The earliest Chinese portrayal of a Ssu-Wei figure was on a small bronze hand mirror that was found in Japan and dating to the 4th century CE.

Ssu-Wei figures are heavily featured in Buddhist iconography, especially during the 5th century CE and can be found in temples all over China, including the cave-temples at Tun-huang in Kansu province and at Yun-kang in Shansi province. At this point, they are shown being seated separately, sometimes with a kneeling horse, or with as attendants to Maitreya, the Buddha of the Future.
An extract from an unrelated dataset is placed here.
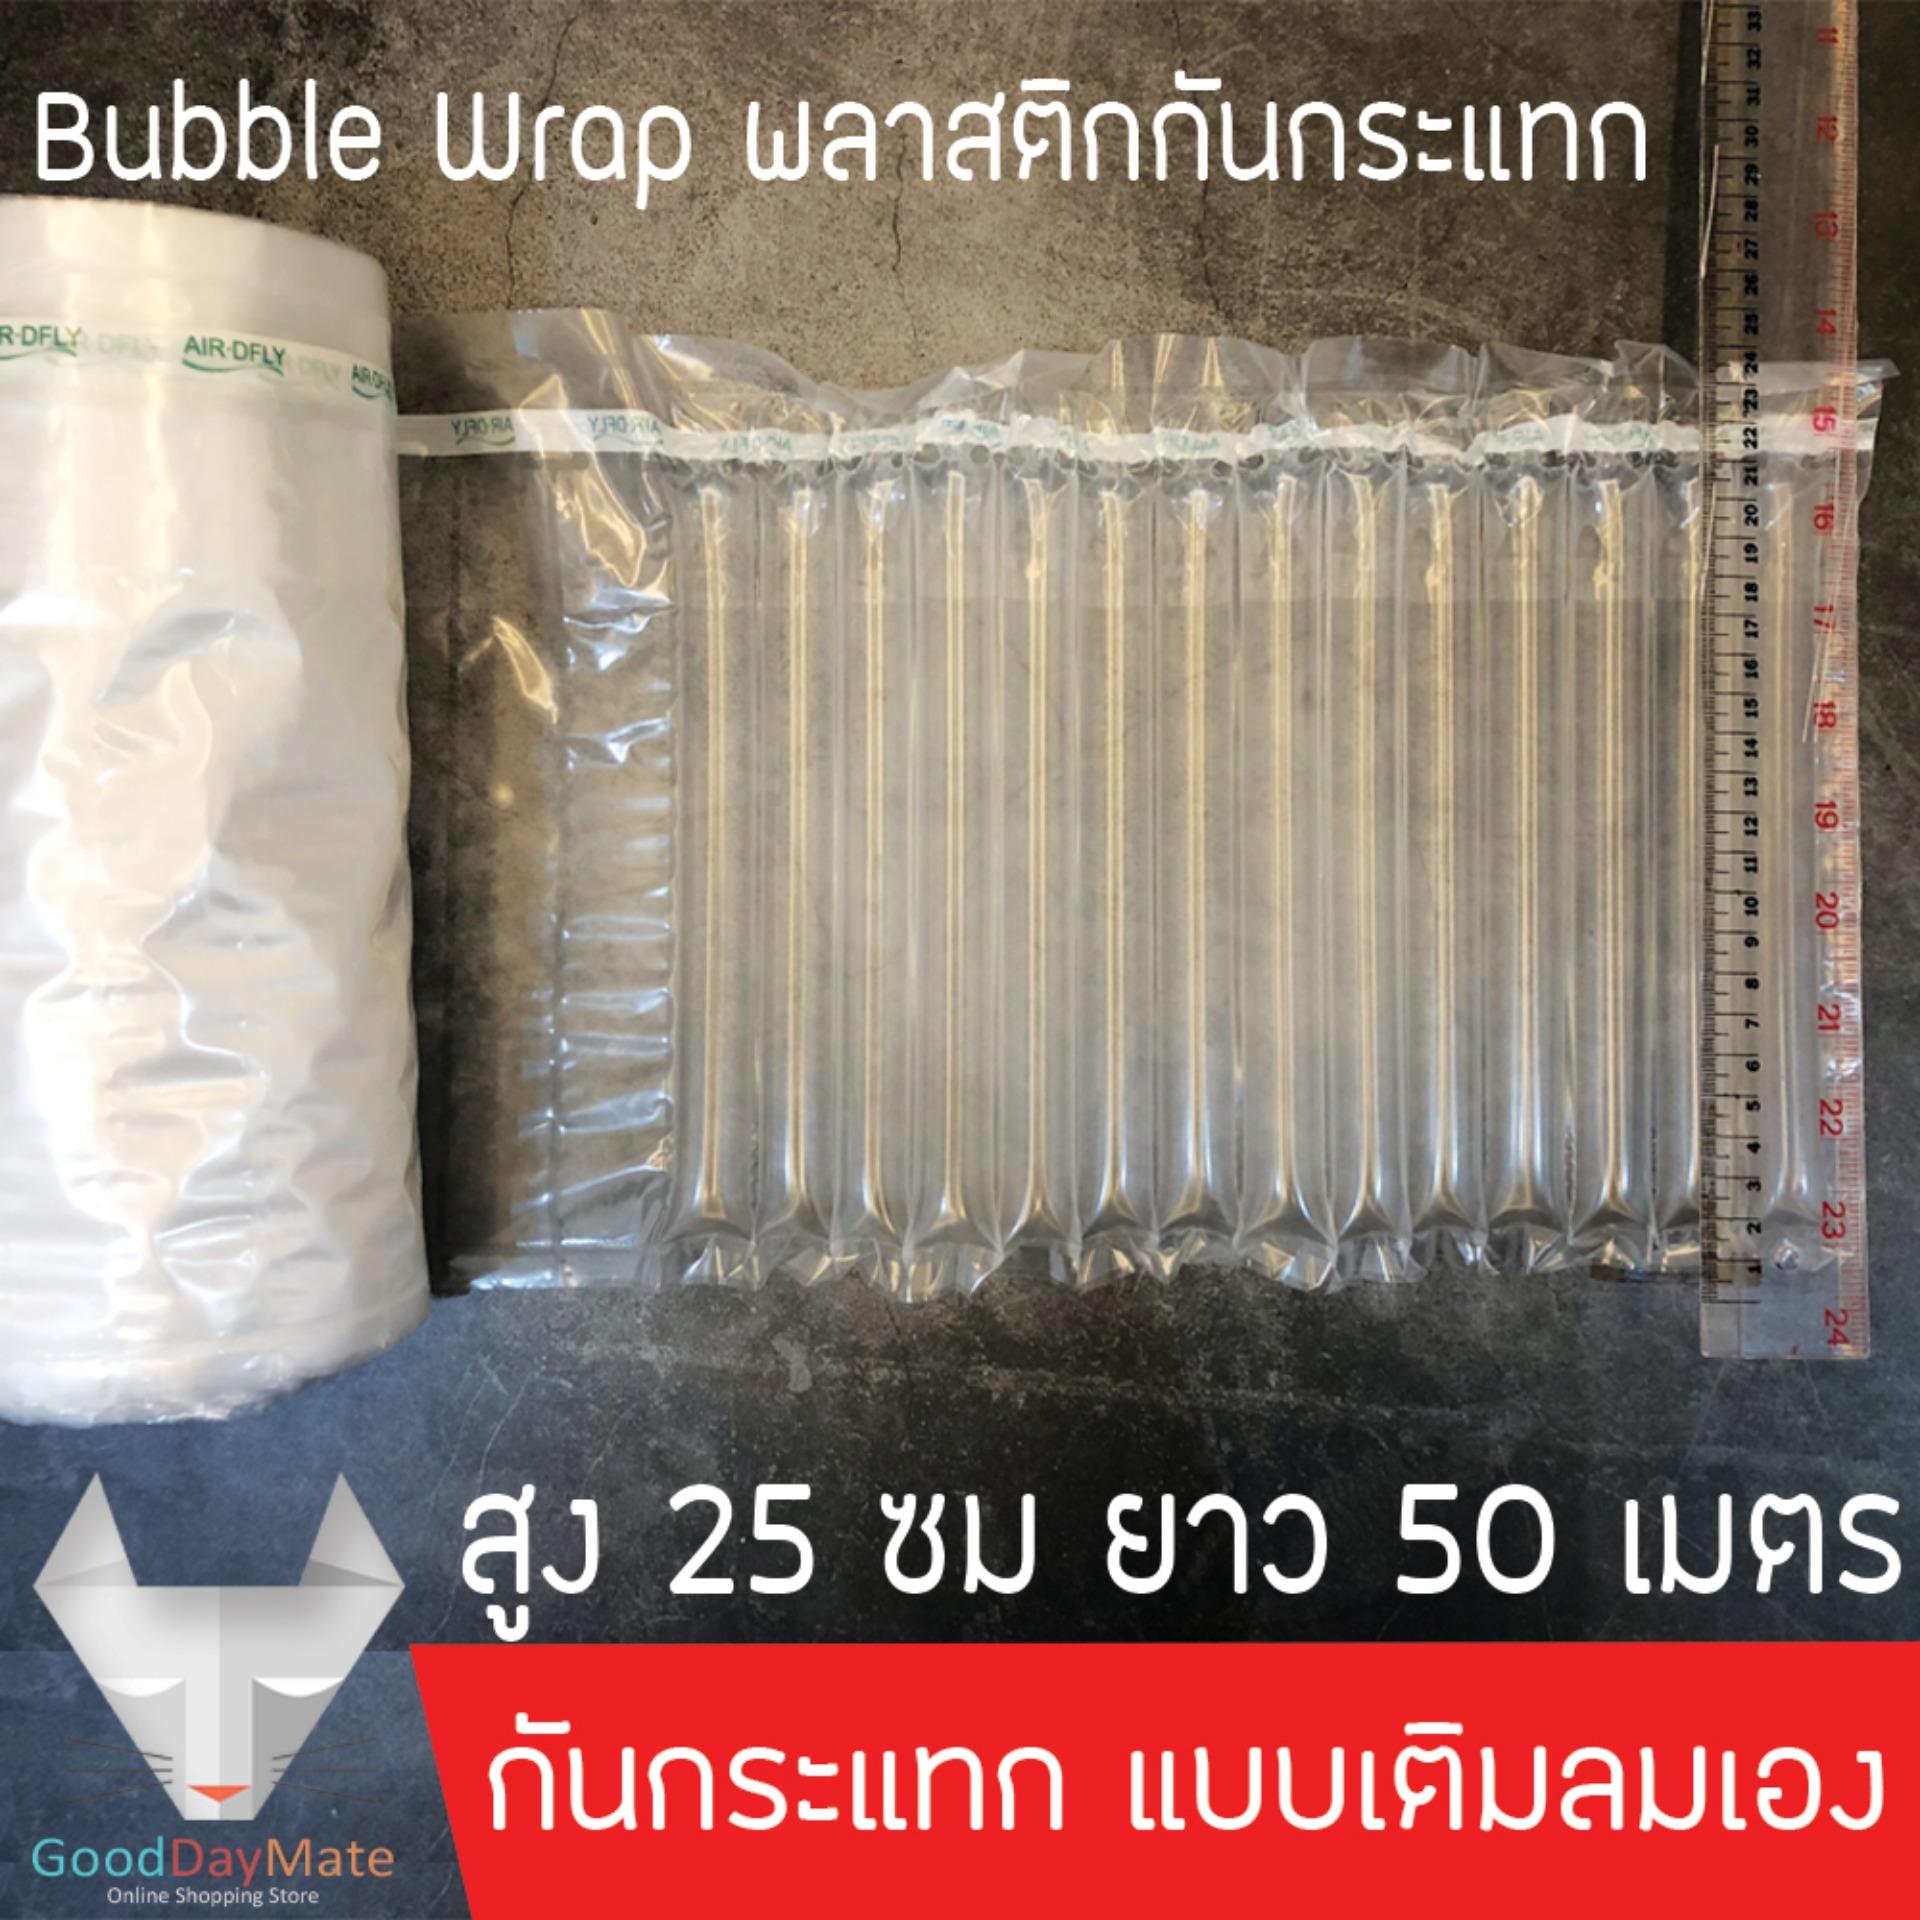 Bubble Wrap พลาสติกกันกระแทก บับเบิ้ลกันกระแทก แอร์บับเบิ้ล แบบเติมลม เติมลมเอง Inflatable ขนาดสูง 25 ซม 1ม้วน ยาว 50 เมตร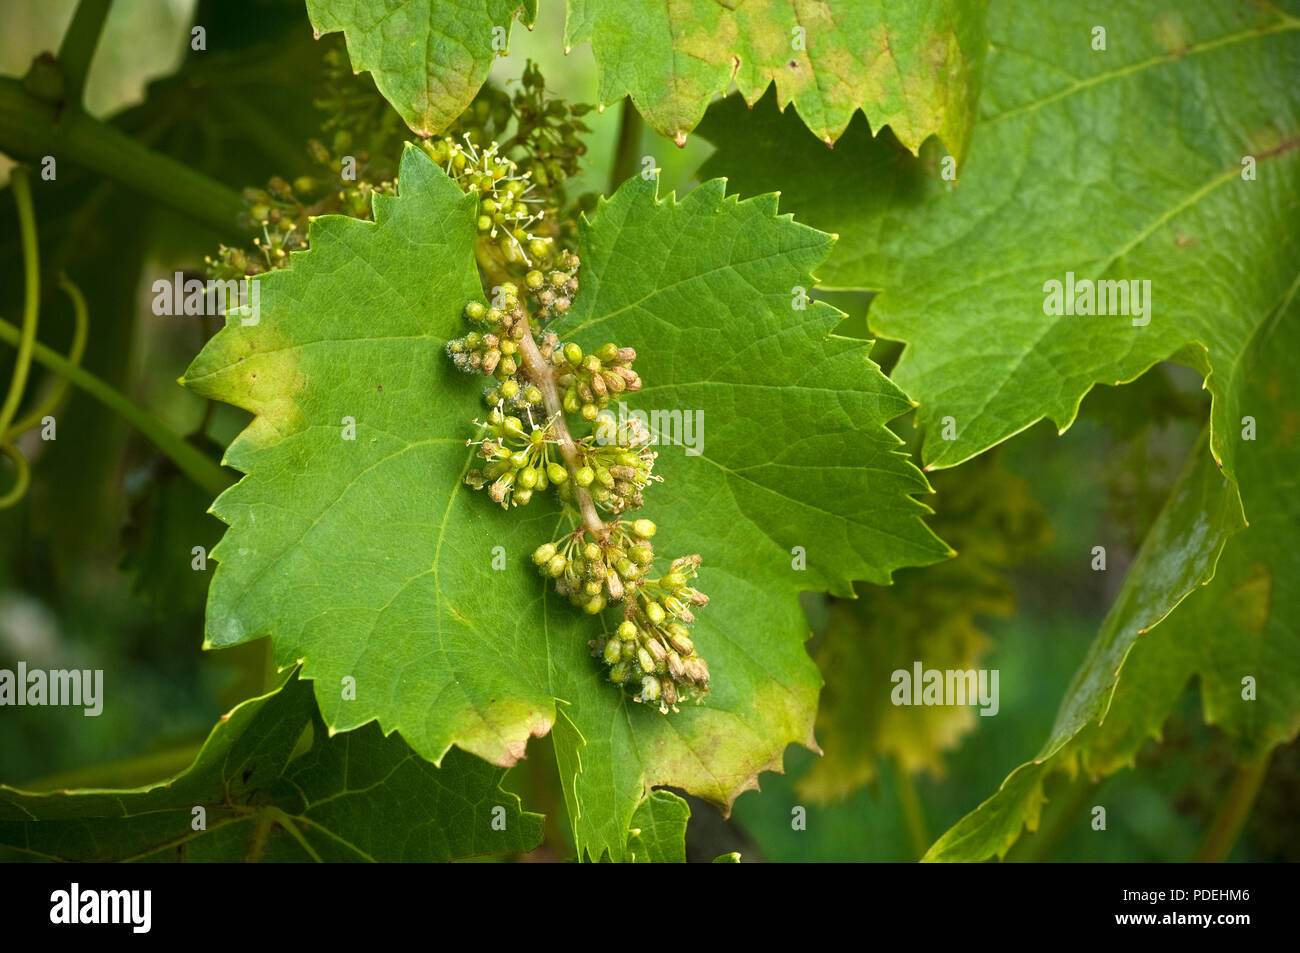 Plasmopara viticola oder Falscher Mehltau erscheint auf weinblätter als blasse öliger Fleck auf der Außenseite der ein Blatt. Stockfoto

During the 6th century, however, they have only been found so far in only two of the caves at Lung men in Honan province: once in the Wei-tzu Tung (516-528) and twice in the Lien-hua Tung (516-528). At both sites, these representations are the centre of a procession of patrons promoting the development of the cult of the Ssu-wei figure in the later part of the 6th century in these parts.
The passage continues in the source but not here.